Update on Mar 10: Jaap Kamps noted that the slides have now been posted online.
The video is now available on VideoLectures.
Change in scale 1999 - 2009
- 100x documents
- 10000x queries
- update latency 10,000x faster
- query latency <1s> 0.2s -> 5x decrease
In the late 90s
- Batch crawling system, stopped when 'enough' pages
- Batch indexing process stitched together with Unix tools. Prone to machine failure and inconsistencies.
- The original '97 index format was a simple byte aligned system that encoded field and presentation information for word 'hits' (word occurrences). It required a lot disk access.
- Moved to a new block-based variable length index format that used skip tables for words with large numbers of occurrences.
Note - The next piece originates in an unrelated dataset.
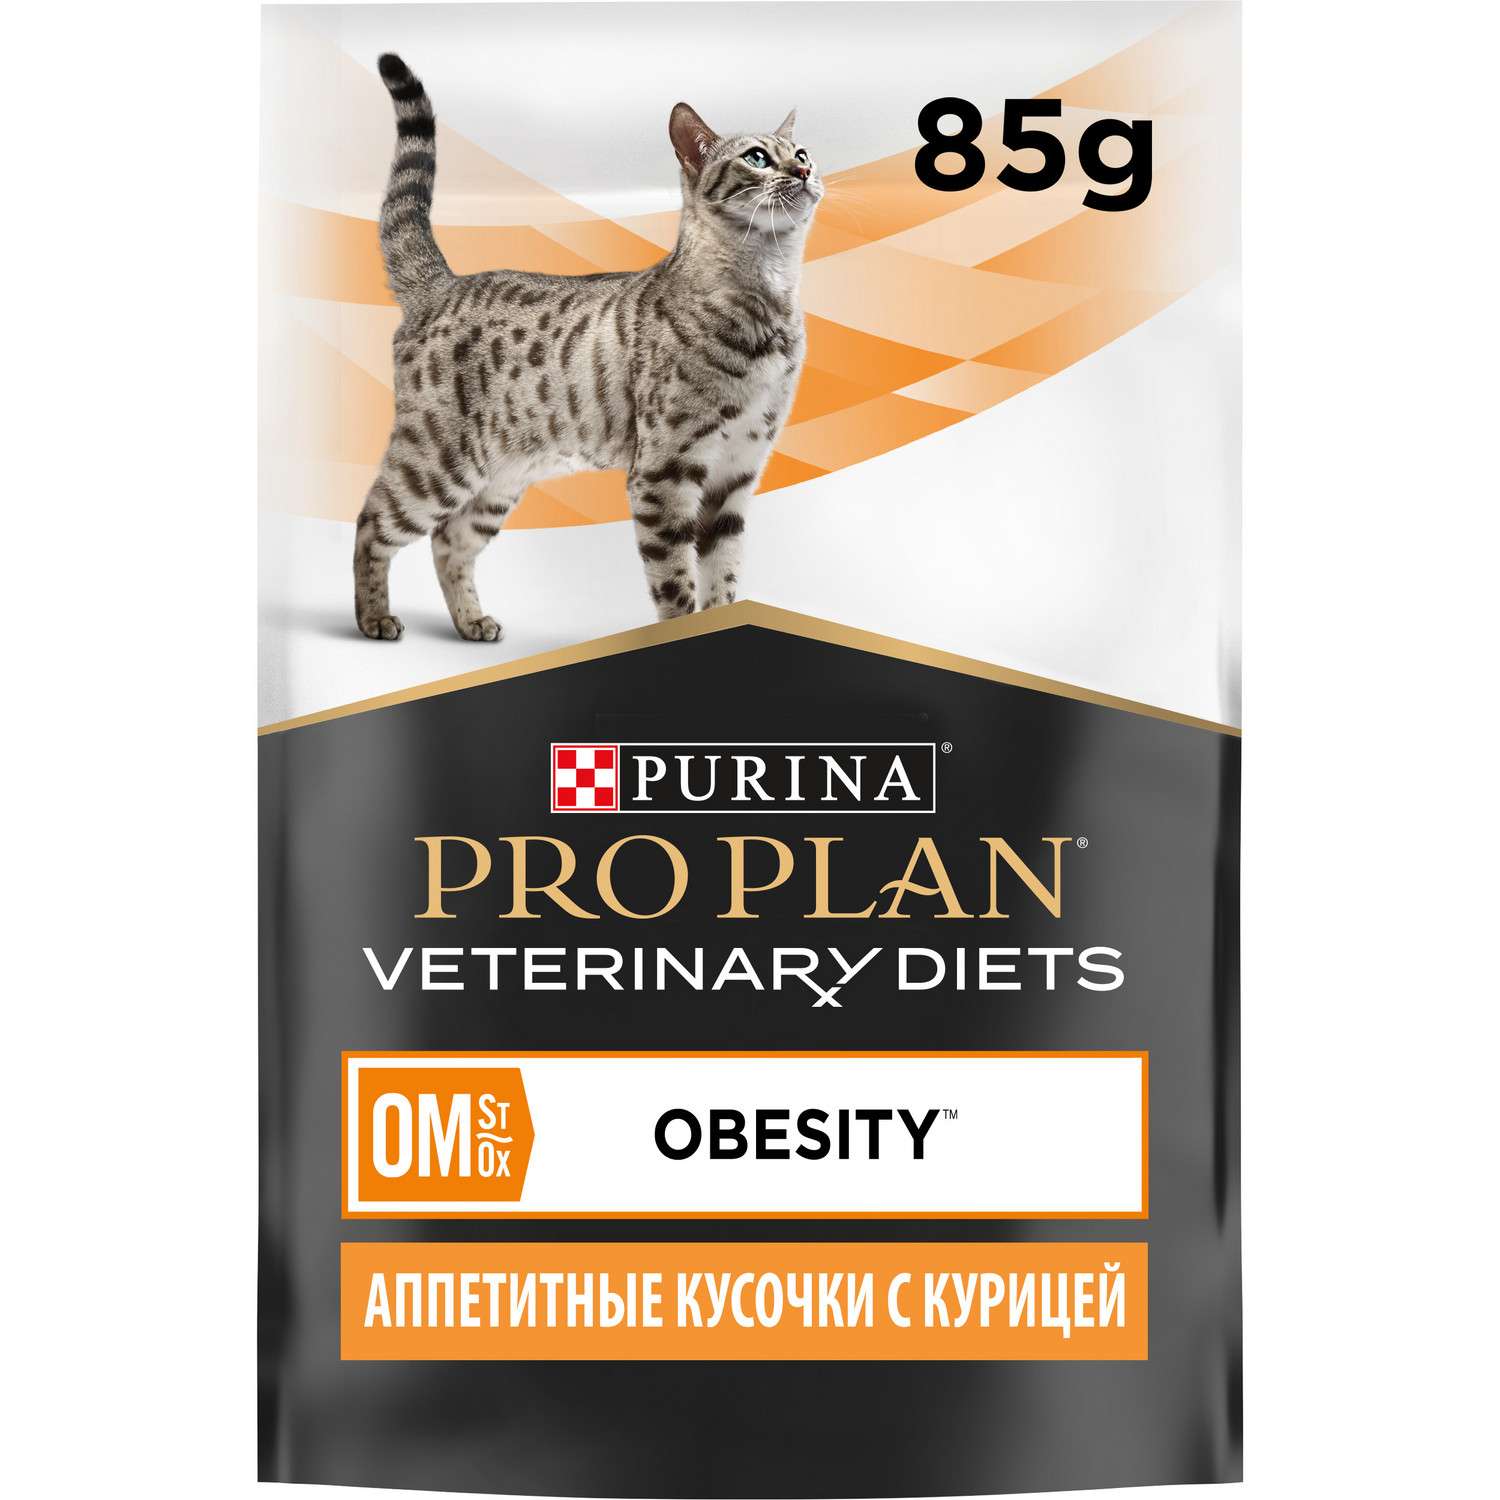 Корм для кошек Purina Pro Plan Veterinary diet 85г OM при избыточной массе тела с курицей - фото 1

This reduced index size by 30% and was faster to decode.
- Added cache servers for both results and document snippets
- In early 2001 they moved to an in-memory index where index servers (along with doc servers, cache servers, etc...) talked directly to front-end web servers. (See system diagram on slides)
- The index was partitioned by document rather than by term.
- In-house design from the ground up: rack design, pc class motherboards, linux, and in-house software (GFS, BigTable, etc...)
- Indexing built using MapReduce framework
- In 2004 they moved to a hierarchical system for serving indexes built on top of GFS based hosted indexes (now only the "root server" handles requests from the web server).
- 'Fast' index updates
- In 2007 they added a 'super root' server that communicates with all of the index servers for the vertical collections allowing 'Universal Search'
Goal: It should be easy to do experiments.
- Start with a new ranking idea
- Generate data to run experiments rapidly using MapReduce, BigTable, etc..
- Run off-line and measure results on 1) human-rated query sets of various kinds and 2) on random queries to look at changes to existing ranking (latency doesn't matter)
- Experiment on a fraction of small random sample of traffic (latency matters!)
- Re-implement/tune implementation to pre-compute data to make it feasible at full load and incorporate necessary data into the index.
- Cross-Lingual IR - quality and scalability
- Retrieval with a mix of private, semi-private, shared and public documents
- Automatic Construction of efficient IR systems for different needs
Thanks again to Michael! I really enjoyed the notes and I hope there will be more great information to share soon.